Dickerson examined the moral choices Tolkien’s characters made facing some problems in the context of war and battle. The main question he was trying to answer is: what values are they willing to fight for? Or, more accurately, what values are they willing to suffer a defeat for? The answer is not surprising: for characters whom the readers perceive as heroes, moral integrity is more valuable than military victory. They always choose what is objectively morally right even though it may harm them, while the antiheroes choose personal benefit over the benefit of the society and fail morally. This is something Tolkien has been criticized for: that his characters seem to be too unequivocally defined as good or evil. However, it is not the case that the good characters would only make the right choices, never even tempted to do otherwise. It is rather the other way round: readers perceive the characters as good or evil on account of their choices. The readers’ evaluation is based on the very same intuitive knowledge of objective morality, and this is possible because Tolkien’s Middle-earth is governed by the very same principles as our world. As Dickerson makes clear, there is only one morality which is objective, and no situation of military battle can justify breaking the moral law. Thus, by turning the battle for Middle-earth into a battle for morality, Tolkien is training his readers to be able to fight their personal moral battles. Nelson offers a similar observation: Tolkien encourages moral behaviour in his readers by showing rather than exhorting virtue in action, which is a less didactic technique, and therefore, in my opinion, more relatable. His stories become a kind of moral guide for the reader, as he ever hoped them to be to fulfil the resolution of his former literary group of friends, the T.C.B.S. One reason why the moral principles are better understood in stories like Tolkien’s than when reading philosophical books or being lectured on ethics follows from his theory of fairy tales – it is because the tales present the familiar in an unfamiliar context and thus throw a new light on it. Also, as Aeon Skoble notes, when the characters are given personalities the readers can relate to, the moral lesson becomes clearer.

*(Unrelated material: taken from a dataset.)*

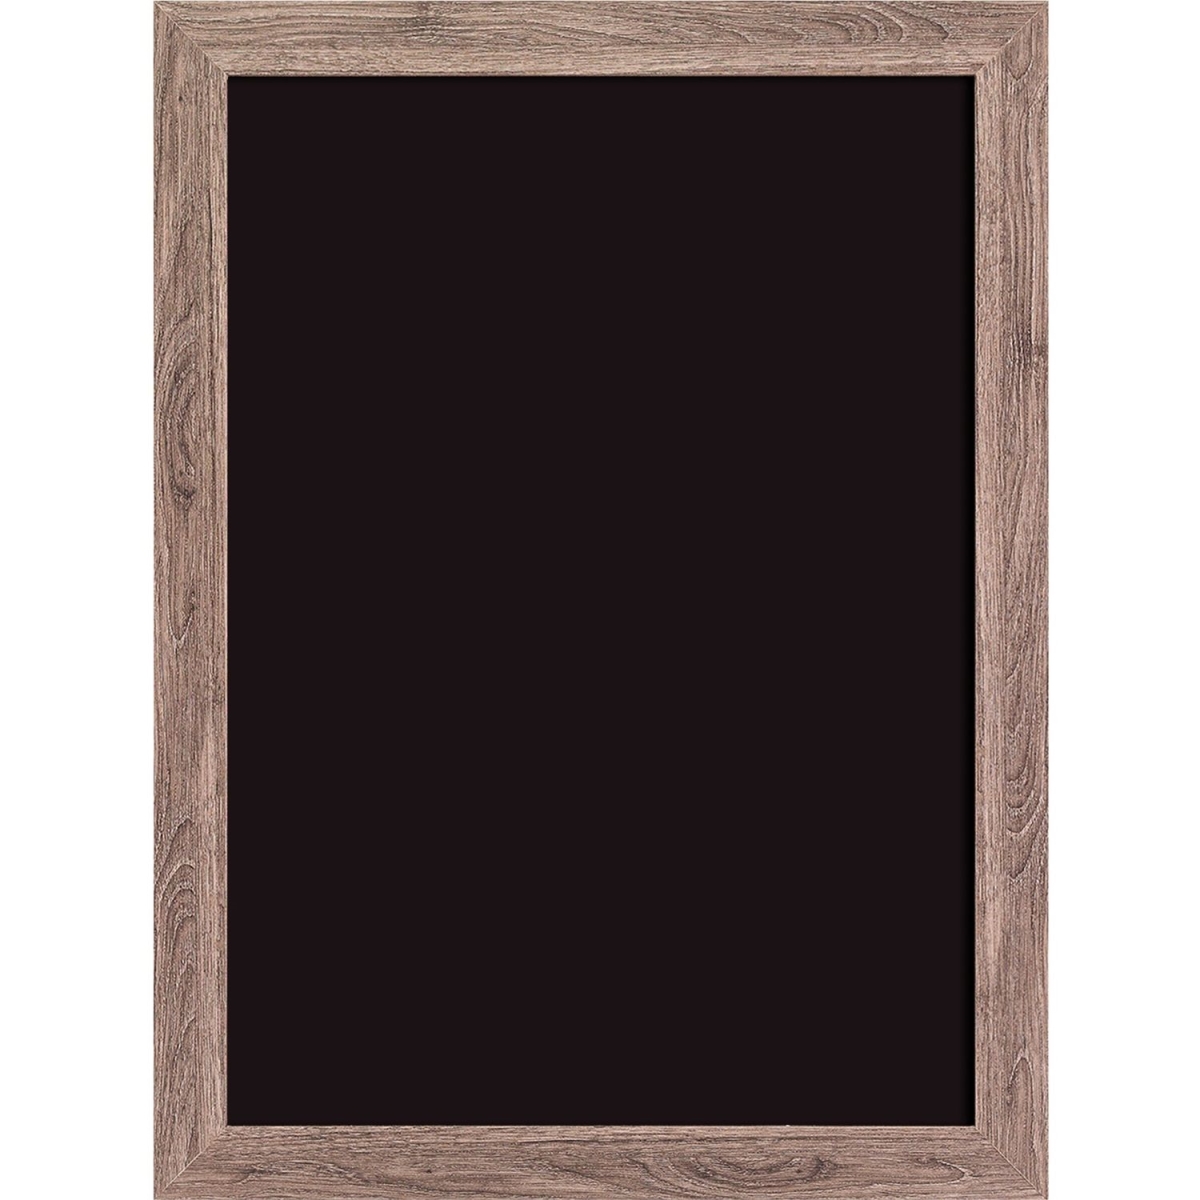 Picture of U Brands UBR4550U0001 Decor Rustic Framed Magnetic Chalkboard

Skoble’s essay is one of the latest additions to the research focused specifically on the question of moral principles pervading Tolkien’s work. Unlike Williams and Dickerson, he does not base his analysis on any Christian concept of morality, but on Aristotle’s ‘virtue ethics’ as presented in his Nicomachean Ethics. The aim of human life according to Aristotle was eudaimonia, that is living a good life. While he believed that there is some objective standard by which to evaluate the goodness of life which is common to all people, he could not explain its source; he only described what he intuitively perceived to be the conditions of leading a good life, which for him equalled leading a morally virtuous life. Like in Lewis’s theory of the Tao, what is truly good and therefore virtuous can be discerned only with the use of reason, and those who are unable to do so on their own have to learn it from others who know it better (contrariwise, it is the duty of those who acquired a better knowledge of the moral principles to teach it to those less gifted).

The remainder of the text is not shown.